In the example above, the first line loads two surface files (but no thickness or density files) and registers them with a similarity transformation (reg type is 0 for rigid, 1 for similarity, 2 for similarity+FFD and so on, mirroring the options in the Registration choice control). The search range is 10mm (Search range slider set to 100) and there are 15% fussy matches. 200 registration iterations are performed before the results are saved in a .reg file.
The second line performs 20 iterations of a similarity+LAD registration with automatic sequencing of the search range and the proportion of fussy matches (this is indicated by the -1 in the fussy field). The results are saved in .reg and .breg files. We could fill the batch file with hundreds of similar lines, registering different bones to the canonical surface, and leave wxRegSurf to run unattended.

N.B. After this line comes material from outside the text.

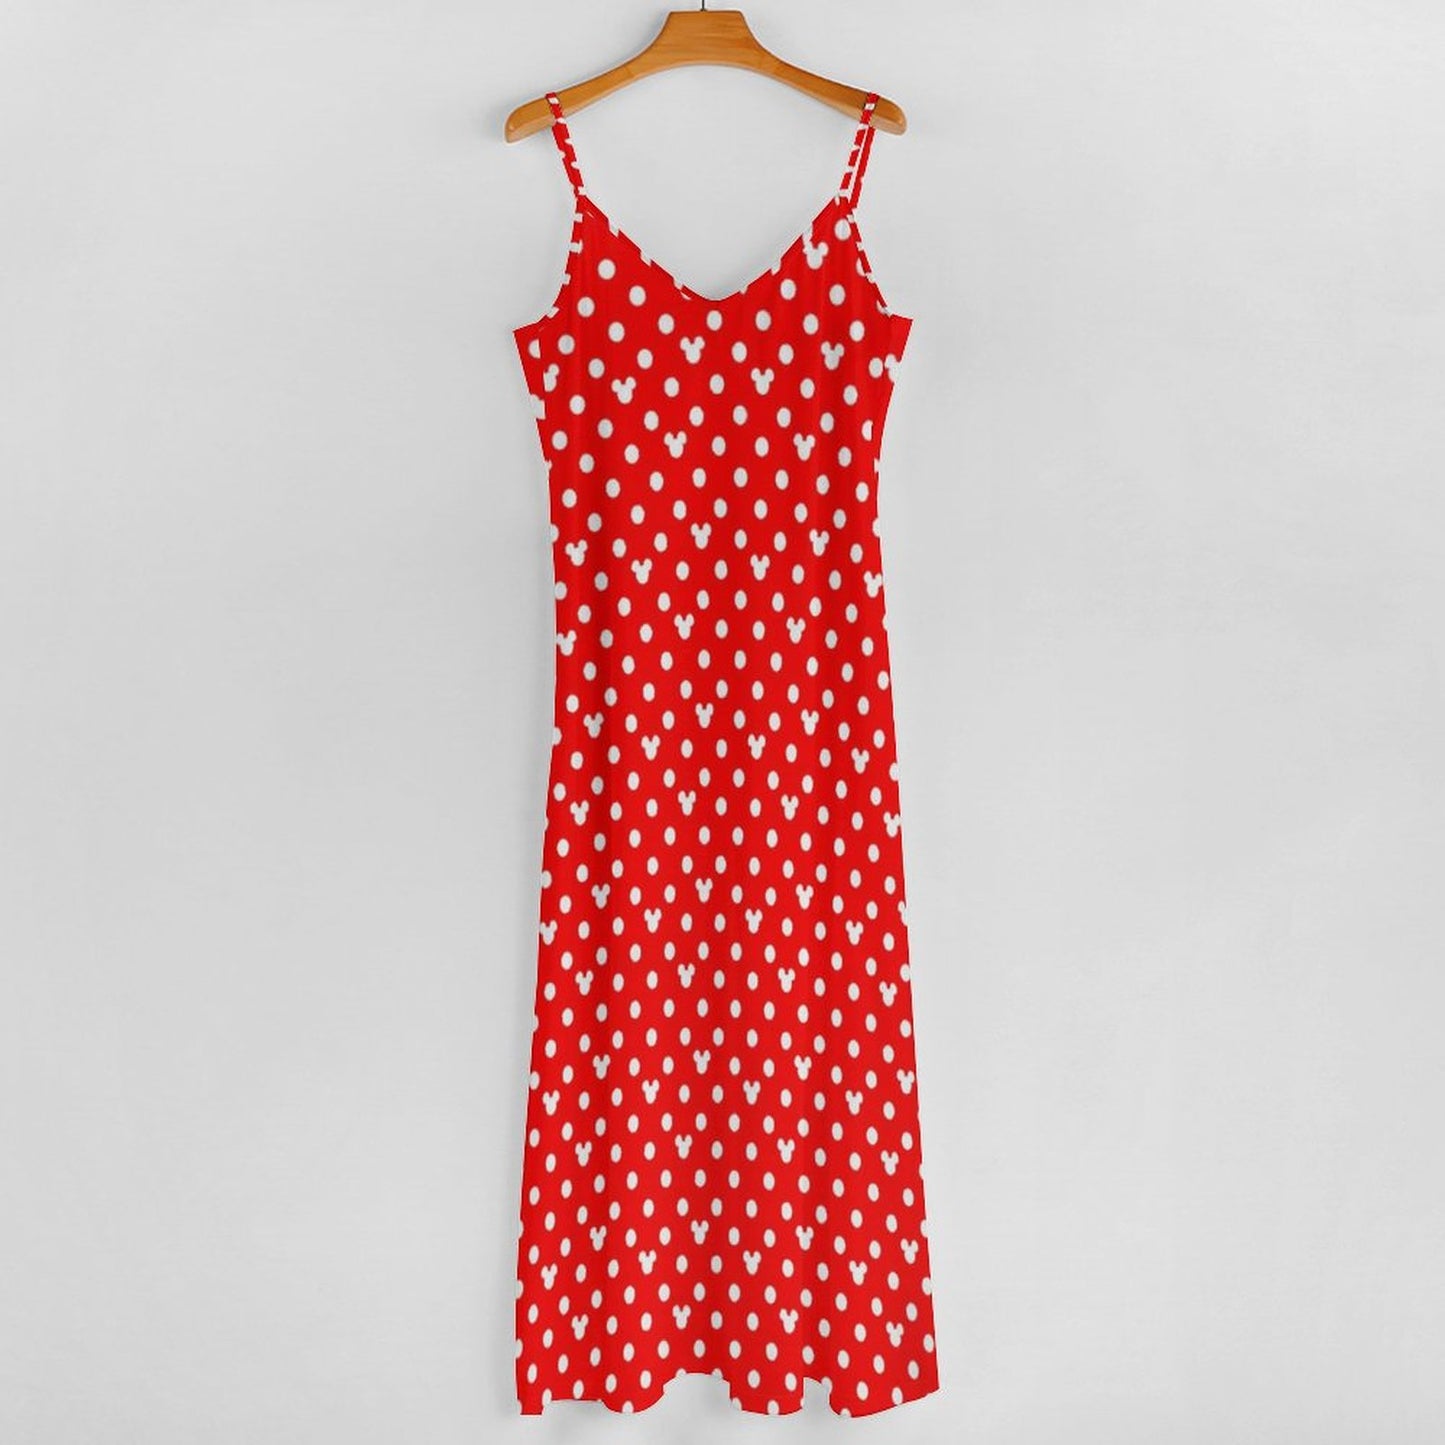 Red With White Mickey Polka Dots Women's Summer Slip Long Dress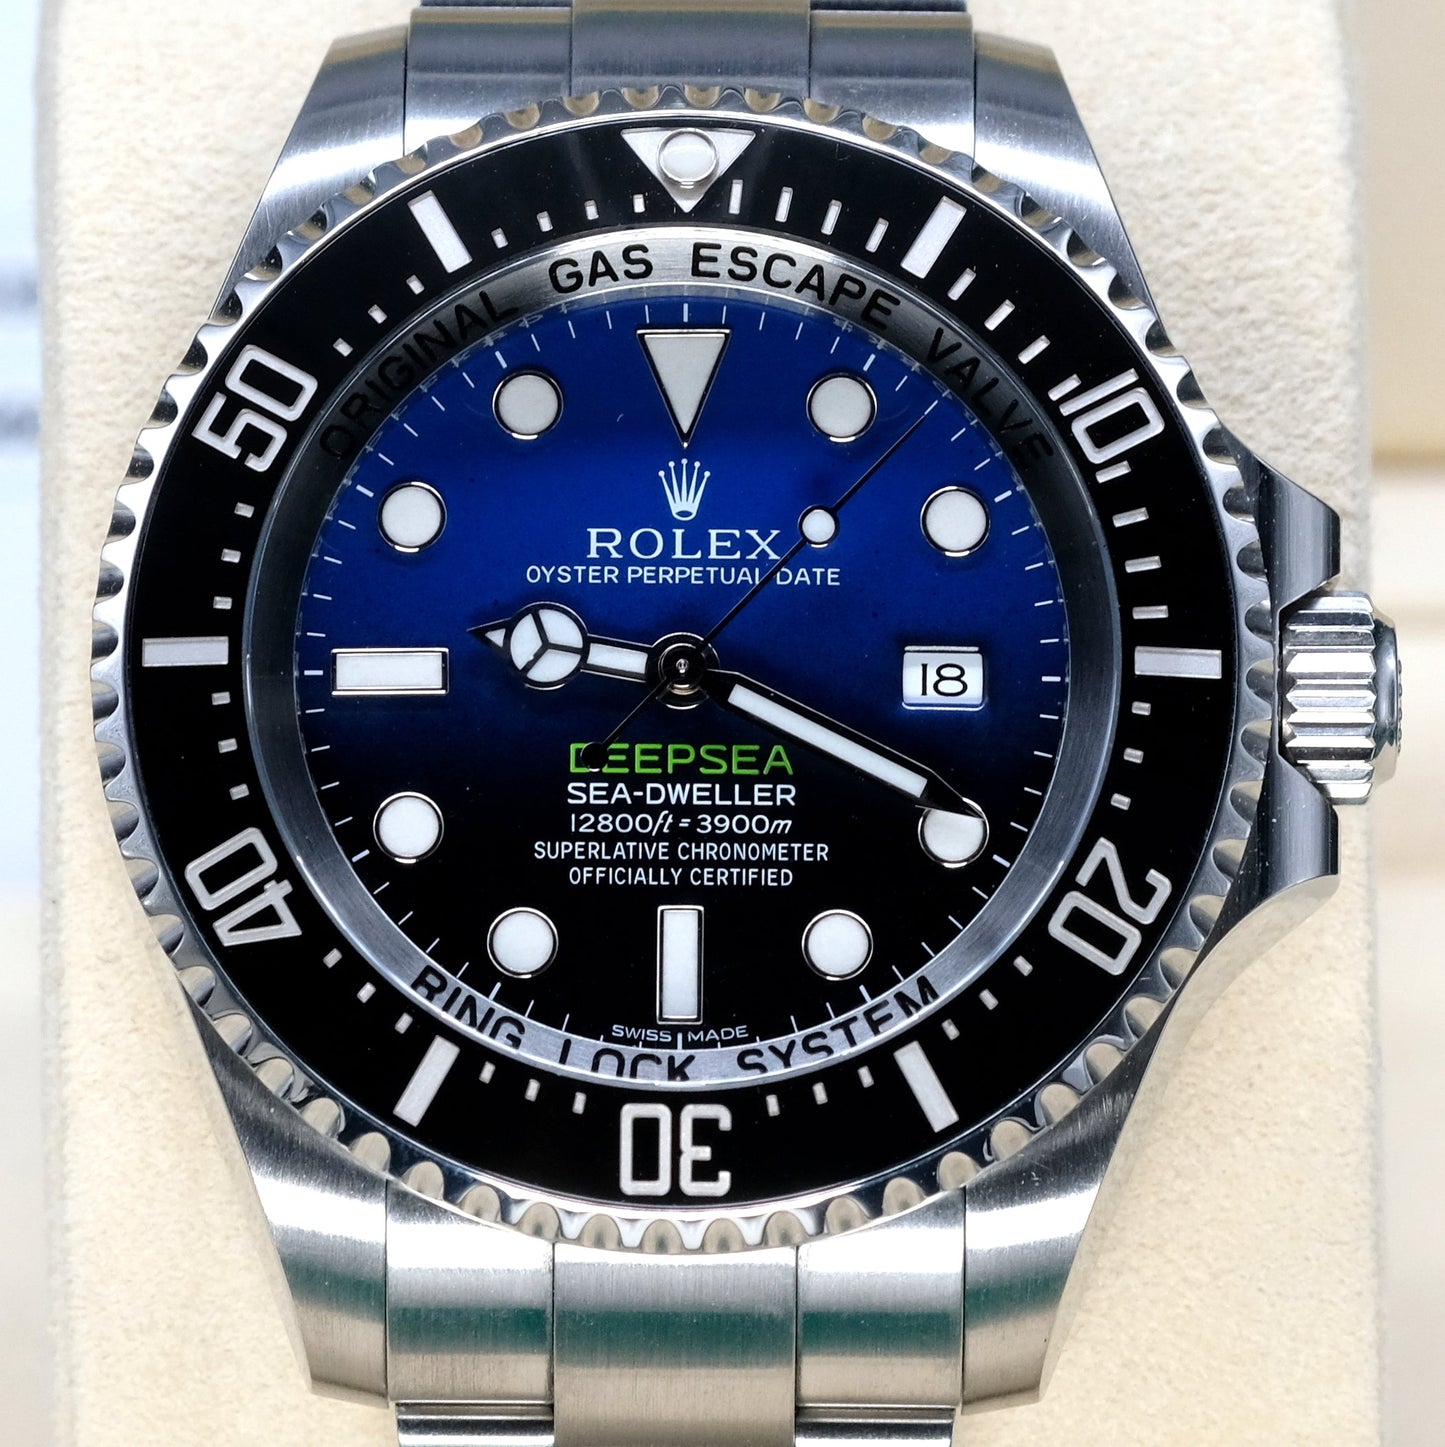 [Pre-Owned Watch] Rolex Deepsea 44mm 116660 D-Blue Dial (888) (Out of Production)

Following registration, we must check that all bones were aligned satisfactorily. This is what the third line does in the example above. It performs 200 iterations in "review" mode, whereby the surfaces are loaded and spun around for the user to inspect. Lower numbers of iterations reduce the inspection time, higher numbers increase it. Alternatively, we could set the iteration count to zero, in which case wxRegSurf instead saves a snapshot of the aligned bones (.png) for offline inspection. Changing the review flag from 1 to some other number saves a different view (1=front, 2=left, 3=back, 4=right, 5=top, 6=bottom). Adding a minus sign in front of the review flag saves a snapshot of the LR surface only, which is useful when checking for surface folding caused by incorrect fussy matches. Any misregistered surfaces must be corrected manually, with the updated results saved to the .reg and .breg files.
The final line of the above example loads the HR cortical data, performs three smoothing cycles on the HR data, applies the similarity+LAD transformation, matches the LR and HR vertices over a 10mm search range, maps the smoothed HR data across to the LR surface, performs a further sixteen smoothing cycles on the LR surface and then saves the smoothed and mapped data to a .bin file.